Sector analysts say this funding mix reflects the cumulative strength of established manufacturers and the relatively limited participation of external investors in newer segments. Notably, the electric three-wheeler segment among the earliest and most mature parts of the EV market captured roughly 78 per cent of investments due to its fragmented OEM base and low capital intensity.
In contrast, segments such as four-wheelers and two-wheelers have seen a gradual shift in capital flows in 2024-2025, driven by rising consumer demand for premium electric cars and high-performance personal mobility options.
Charging Infrastructure: A Critical Gap
While manufacturing has drawn most attention, investment in public charging infrastructure has lagged significantly. India’s publicly accessible charging network has expanded from around 5,151 chargers in 2020 to nearly 39,485 by 2025, signalling growth but remaining far below global benchmarks in charger-to-EV ratios.
IEEFA estimates that approximately ₹20,600 crore is required to build enough charging infrastructure to support 2030 goals yet, only about 9.6 per cent of this has been invested so far. This gap threatens to constrain EV usage and undermine consumer confidence, experts warn.
High Financing Costs Erode EV Advantage
One of the most pressing barriers identified by the report is costly commercial financing. EV businesses and fleet operators typically face interest rates ranging from 15 per cent to 33 per cent, sharply eroding the economic case for adopting electric fleets. This high cost of capital, analysts say, diminishes the total cost-of-ownership advantage that EVs typically offer and slows fleet expansion and manufacturing investment.
IEEFA’s co-authors highlight that the core issue is not a lack of capital in the financial system but how EV sector risk is priced by lenders, who remain cautious due to uncertainty around battery performance, residual values, and cash-flow predictability.
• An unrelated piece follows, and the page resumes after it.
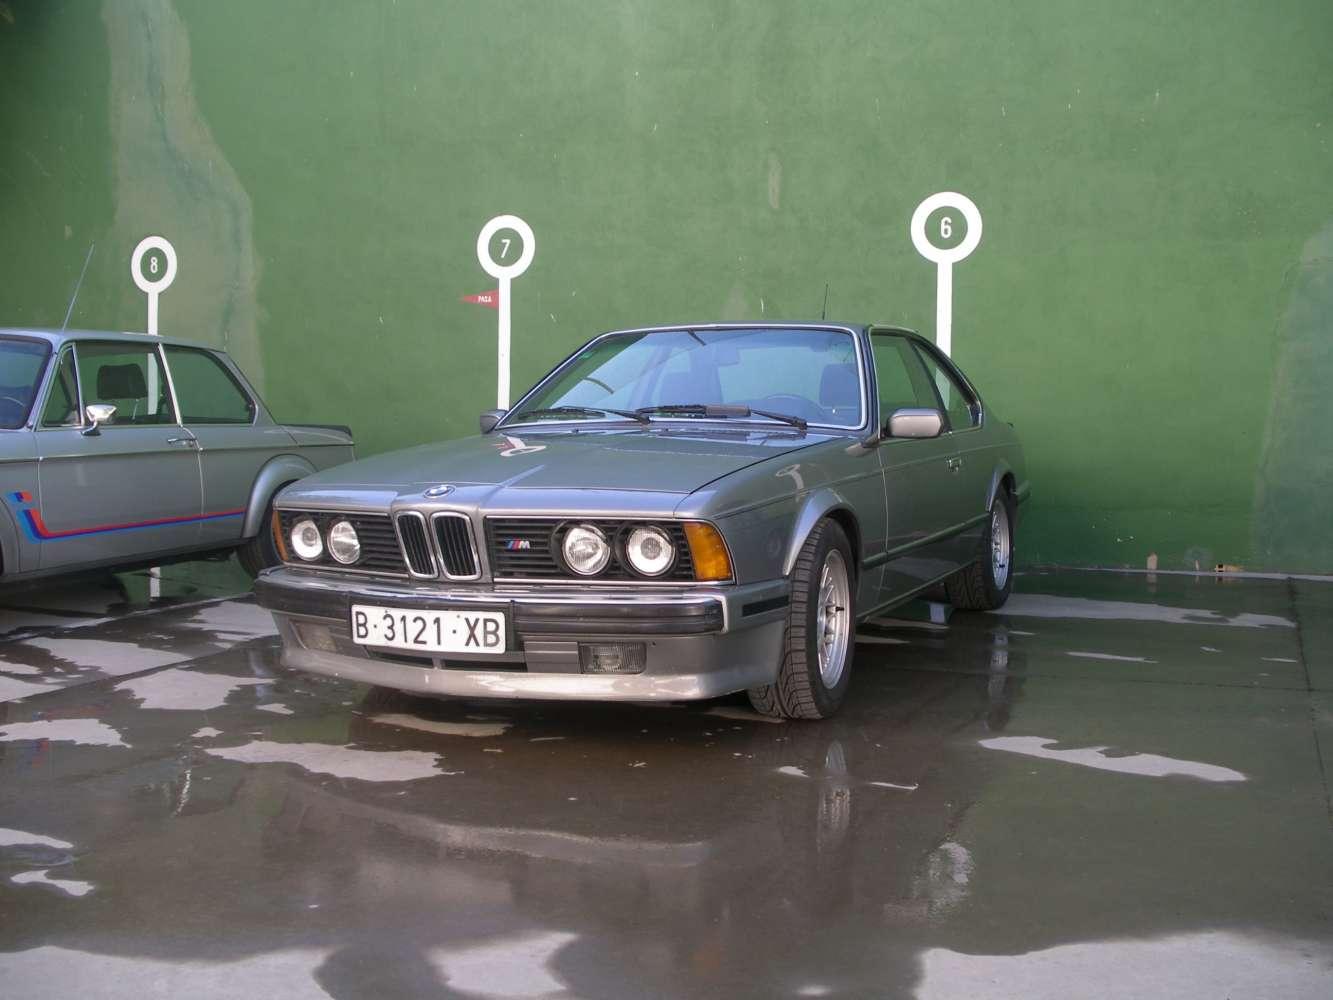 BMW E24 M635csi 118,000 Kms NorClassics Collection

Proposed Solutions: Finance Innovation Needed
To bridge the ₹10.3 lakh crore gap left to be filled by 2030, IEEFA proposes the creation of an integrated EV financing platform. The platform would bundle tools such as partial credit guarantees, residual value protections, battery-as-a-service models, and co-lending frameworks to reduce risk for lenders and align incentives across stakeholders.
The report suggests specialised development finance institutions could anchor this platform for example, SIDBI focused on MSME and small fleet finance, and IIFCL for larger commercial vehicle deployments.
Experts argue that lower financing costs would stimulate demand, strengthen revenue visibility, lower risk premiums, and attract new private capital creating a virtuous cycle of investment and deployment.
Outlook: From Subsidy-Driven to Self-Sustaining Growth
India’s EV evolution is poised at a critical inflection point, with strong policy impetus and growing consumer interest but significant investment barriers still to be addressed. Without structural changes in financing models, analysts caution, the country may struggle to convert its electrification aspirations into reality by 2030.
The IEEFA report underscores that the transition to electric mobility will increasingly hinge on innovative financing solutions, private sector participation, and risk-sharing mechanisms not just government subsidies in steering India’s clean transportation future.